Data -
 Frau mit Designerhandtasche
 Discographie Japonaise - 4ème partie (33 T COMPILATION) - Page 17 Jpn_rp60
--
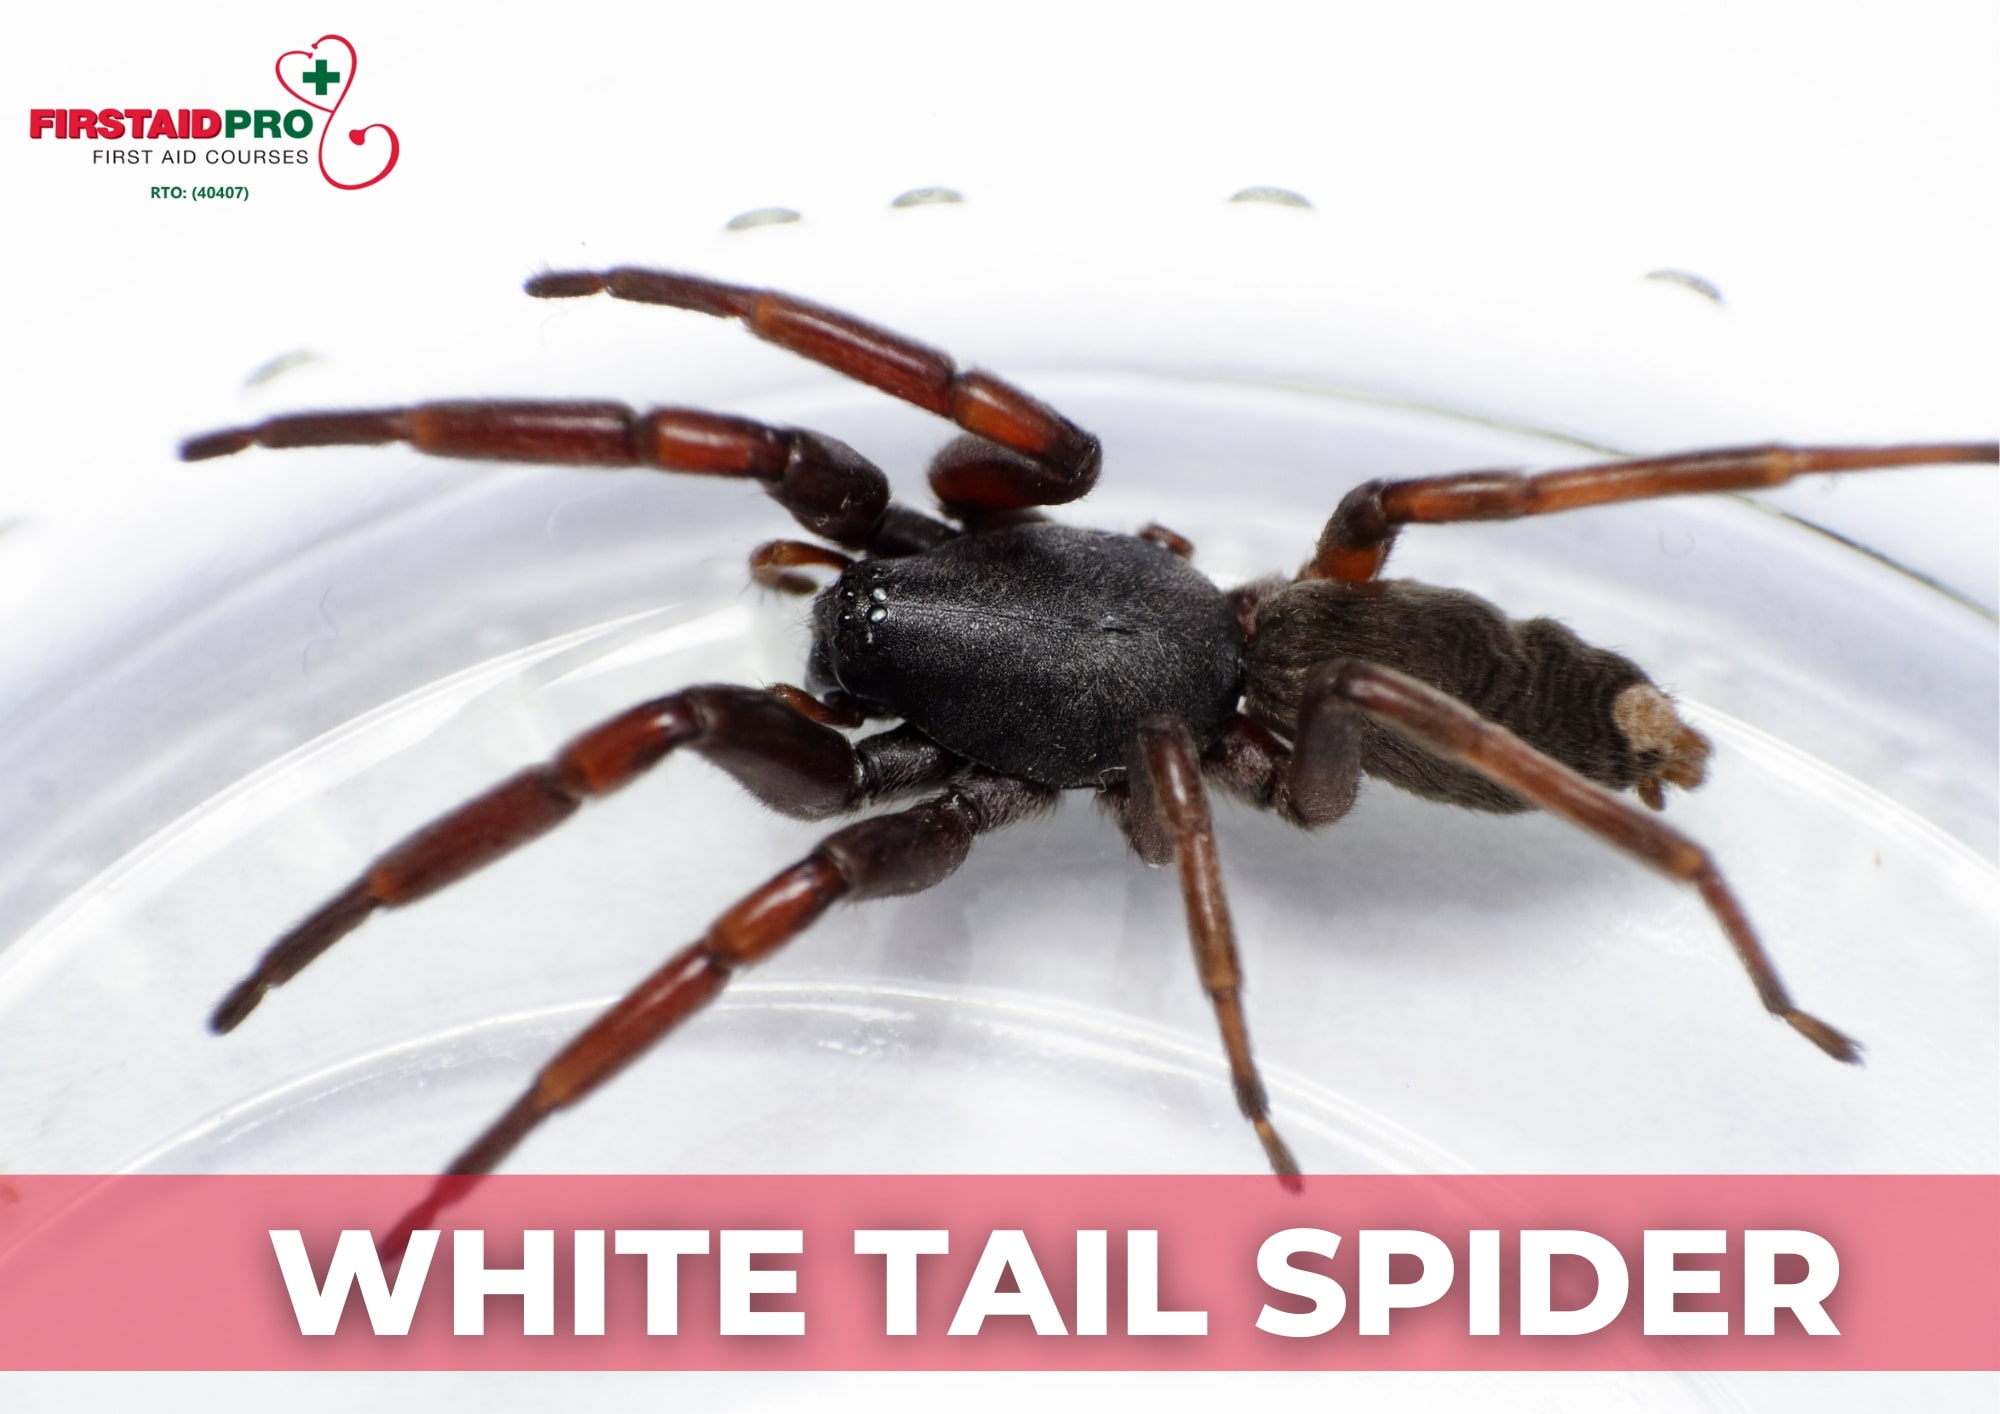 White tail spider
==
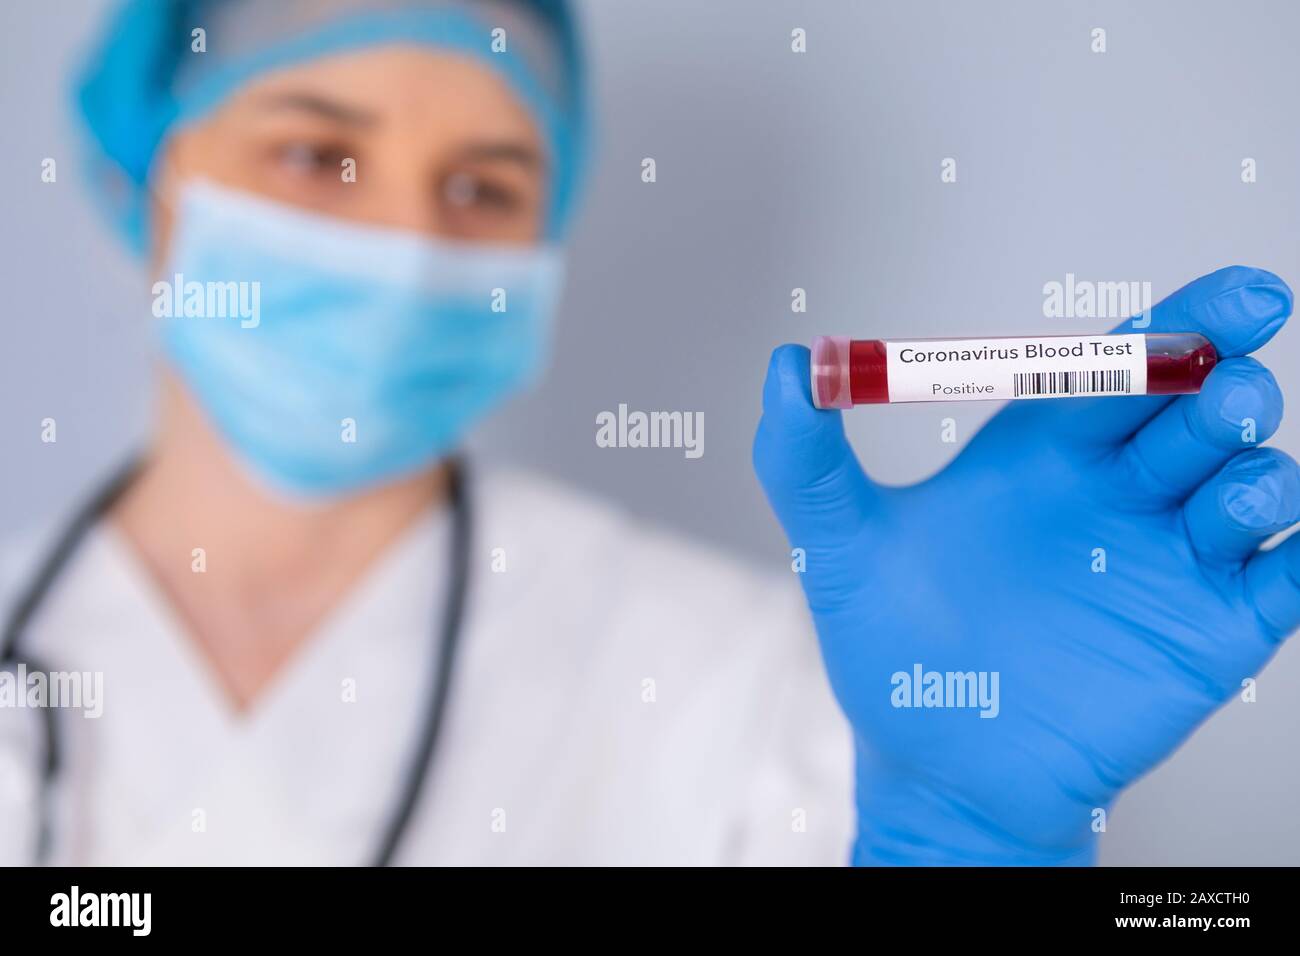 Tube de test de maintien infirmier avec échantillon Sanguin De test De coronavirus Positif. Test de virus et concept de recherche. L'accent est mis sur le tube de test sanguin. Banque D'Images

Work item -
Within the material above, the line with "Frau mit Designerhandtasche" opens the range and the line with "Discographie Japonaise - 4ème" closes it; reproduce that range word for word.

Result -
 Frau mit Designerhandtasche
 Discographie Japonaise - 4ème partie (33 T COMPILATION) - Page 17 Jpn_rp60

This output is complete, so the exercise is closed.